### WHAT IS REQUIRED
Reproduce the listing in its entirety. Do not reproduce the pictures.

### WORKING DATA
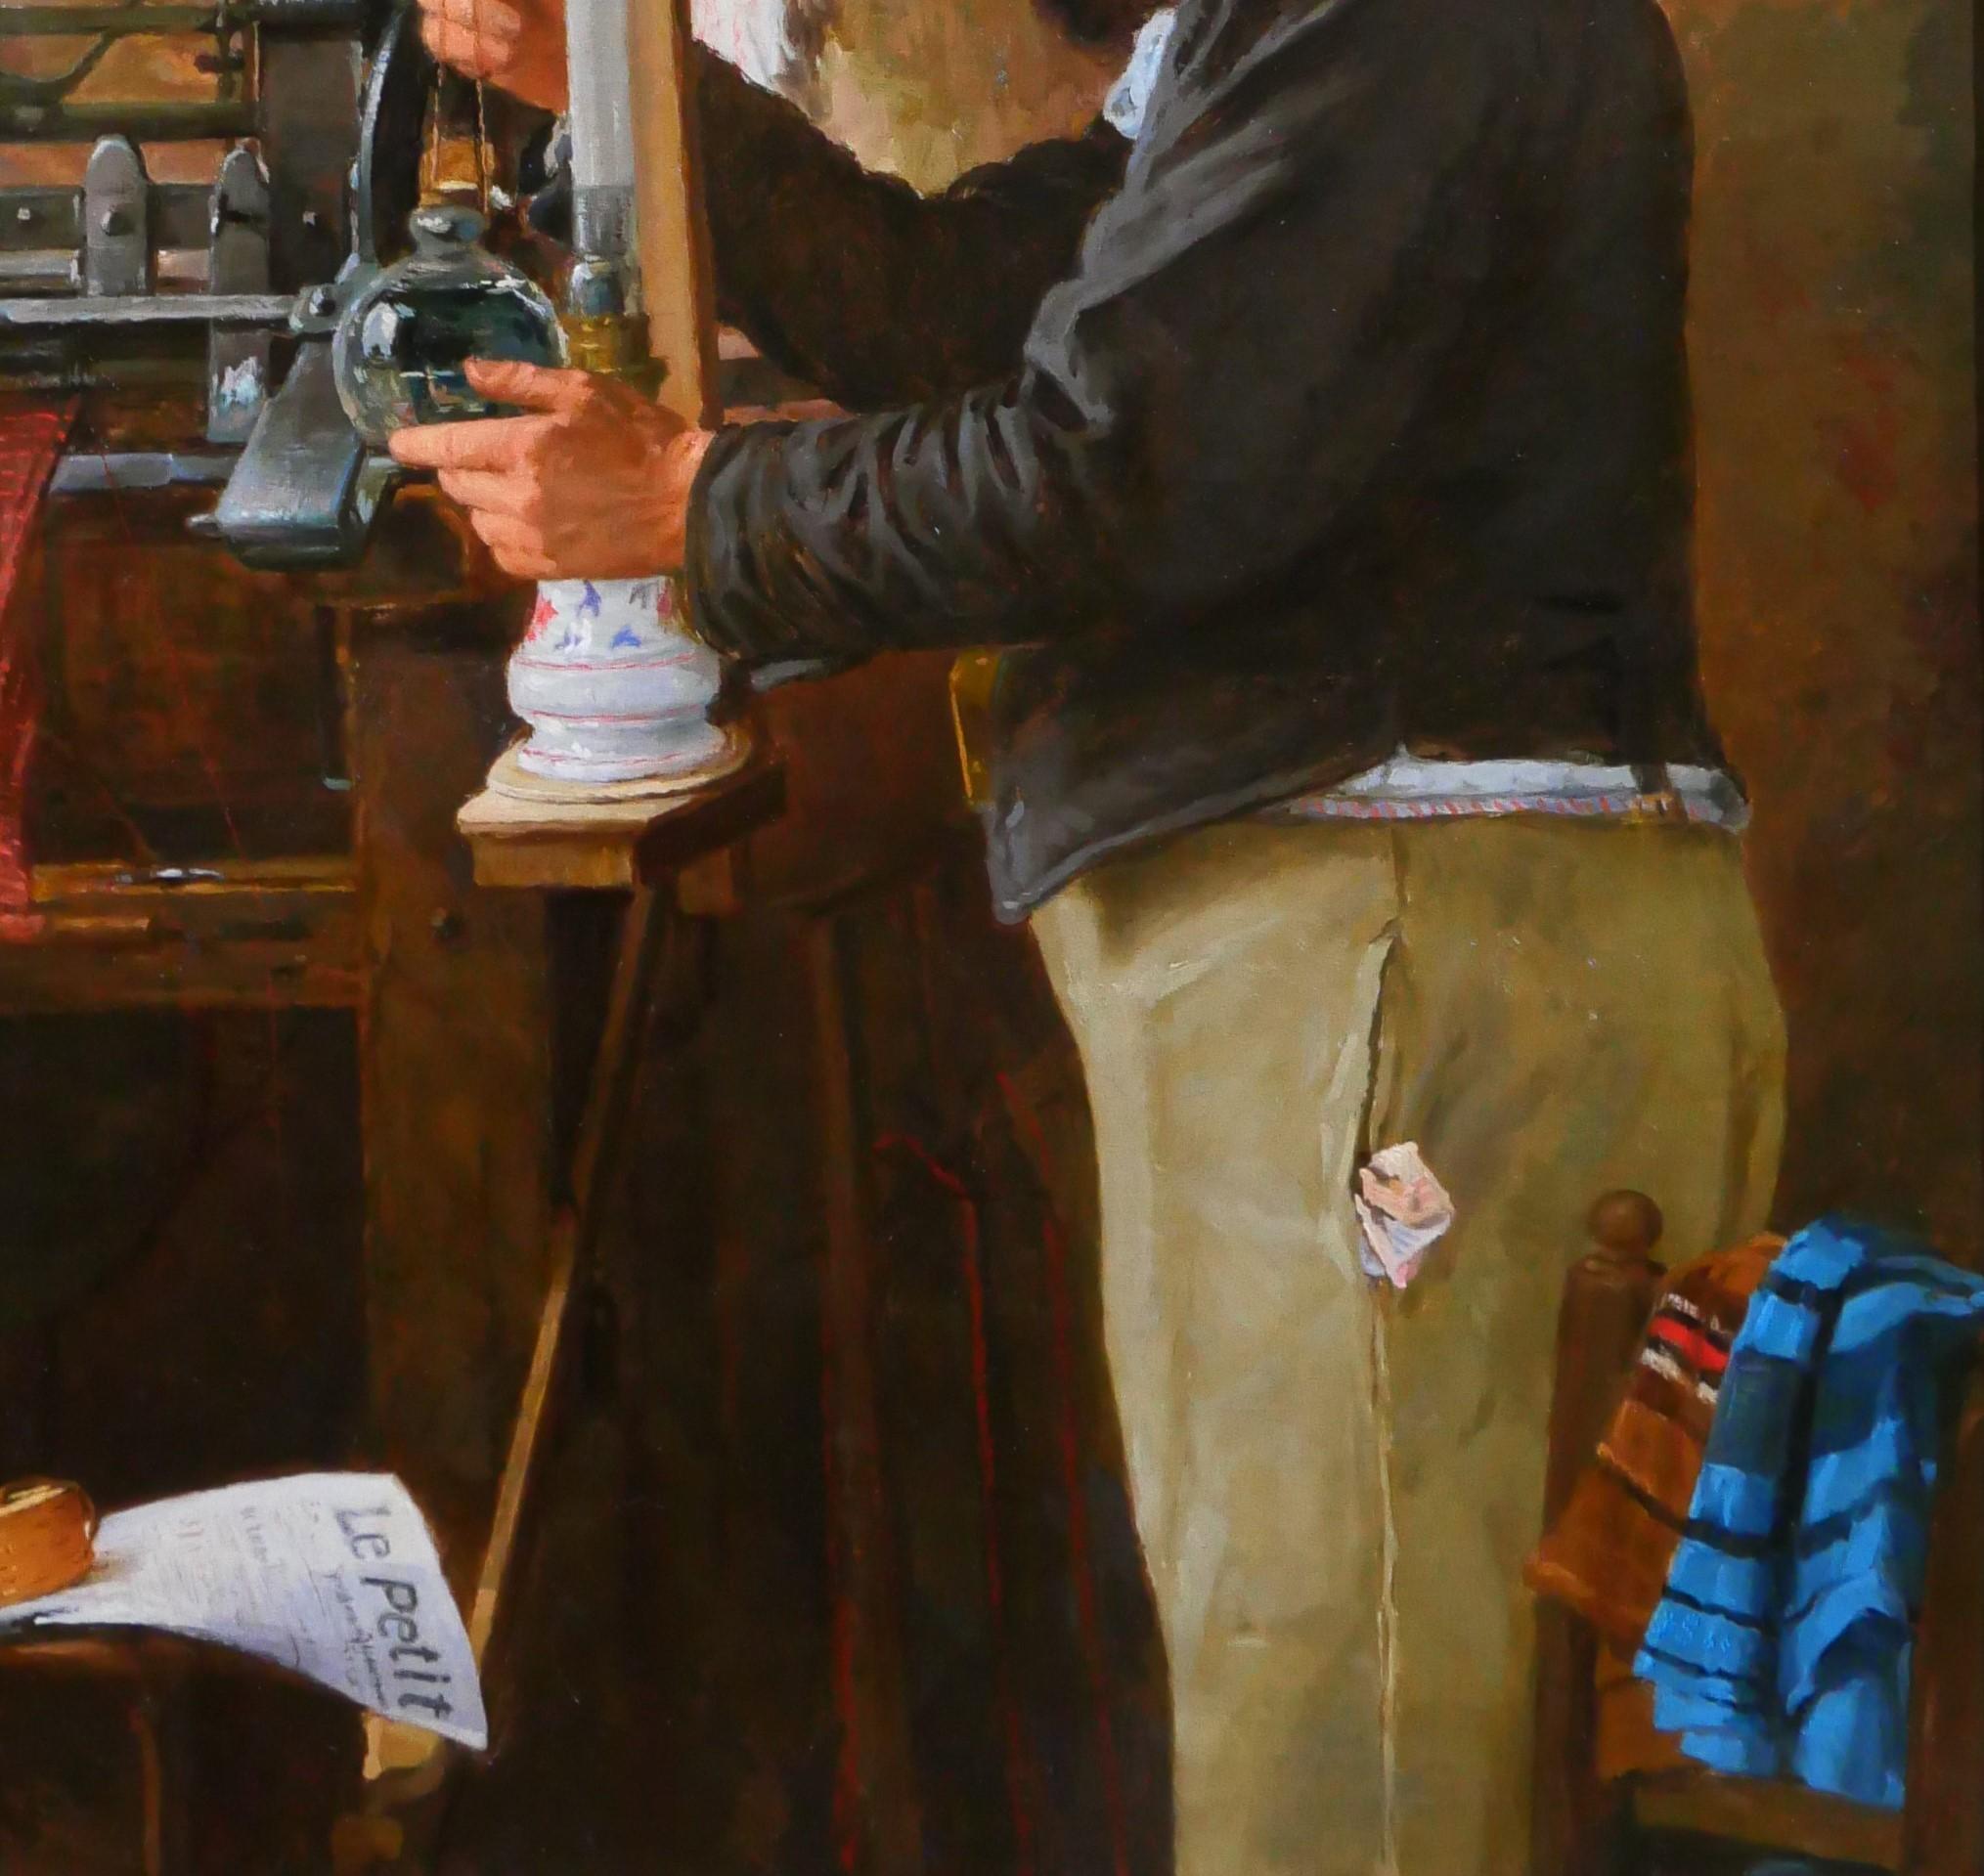 Edmond QUIGNARD
19-20th century, French
Weaver in his workshop
Painting, oil on canvas
Signed upper left
Painting: 68.5 x 96.5 cm (27 x 38 inches)
Beautiful original frame: 94.5 x 125 cm (37.2 x 49.2 inches) (warnbing large size)
Very good

### REPLY
 Edmond QUIGNARD
19-20th century, French
Weaver in his workshop
Painting, oil on canvas
Signed upper left
Painting: 68.5 x 96.5 cm (27 x 38 inches)
Beautiful original frame: 94.5 x 125 cm (37.2 x 49.2 inches) (warnbing large size)
Very good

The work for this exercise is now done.